Stanislaw Skrowaczewski once again displays his capabilities as a Bruckner conductor of distinction, and his Saarbrücken Orchestra plays sonorously and with the utmost discipline. The performance of the epic Fifth Symphony has a long-term structural command, but there is abundant textural detail along the way. In other words, this is a performance to reckoned with.
However, this is not a new issue, but rather a remastering of a performance recorded for radio back in 1996. It does much credit to the recording team that it sounds better than ever in this reincarnation, and at the super-bargain Arte Nova price it represents a quite extraordinary bargain.

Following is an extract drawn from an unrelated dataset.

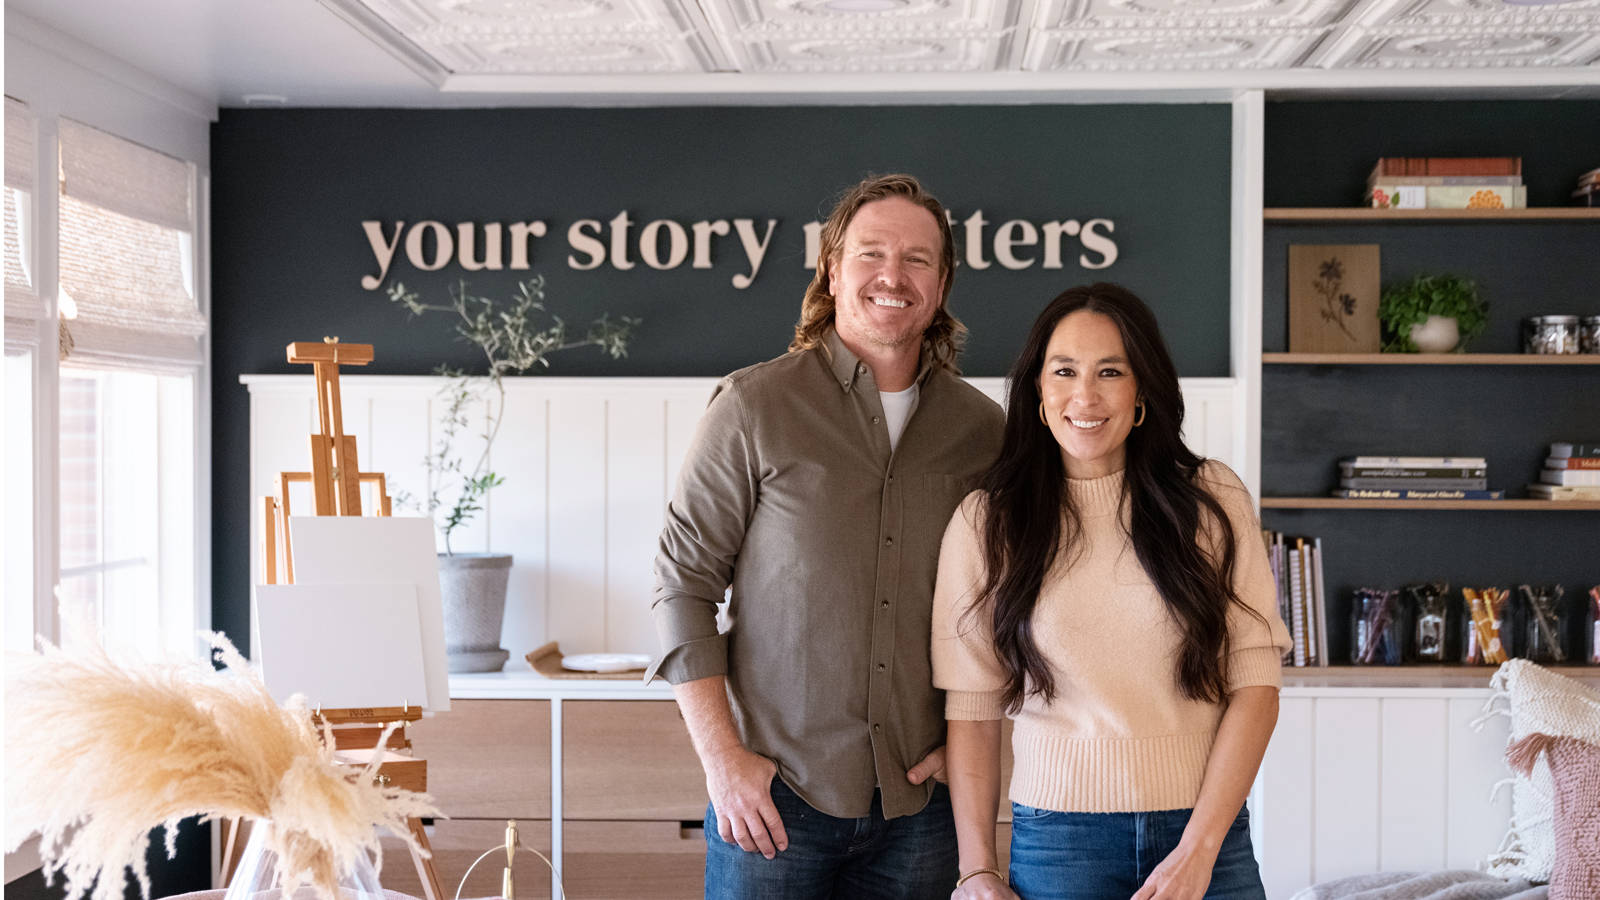 Joanna Gaines With Her Husband Chip Gaines On The Set Of Fixer Upper. Background

It is the two inner movements that impress most in Skrowaczewski's reading. As ever, he shows a keen appreciation of dynamic shadings, and in this regard as well as in the ambient sonorities, the recording serves him well. The scherzo is taken quickly, which is valid enough, but this does result in a few details of counterpoint being glossed over. For this is Bruckner's most overtly contrapuntal work, glorifying in the results his studies with his teacher Simon Sechter.
The slow movement is as eloquent as one could wish for, with a flowing pulse but equally a real sense of gravitas as the climaxes build. The outer movements too impress in their pacing, with the strongly characterised themes returning to make an impact at once expressive and structural. The Saarbrücken Radio Symphony Orchestra may not have the pedigree of the Berlin Philharmonic (whose recording with Karajan remains a benchmark), but play the two 'side by side' and you will be hard put to tell the ensembles apart.
The culminating passages of the symphony are hugely impressive as a true peroration and summation. The results have much to commend them, though on the debit side the tension is allowed to sag just a little too much in the passage before the emphatic final bars. On the other hand, rarely has the balance between the brass instruments been so impressively communicated, and there is no question that this is a noble and hugely rewarding performance of one of the greatest of all symphonies.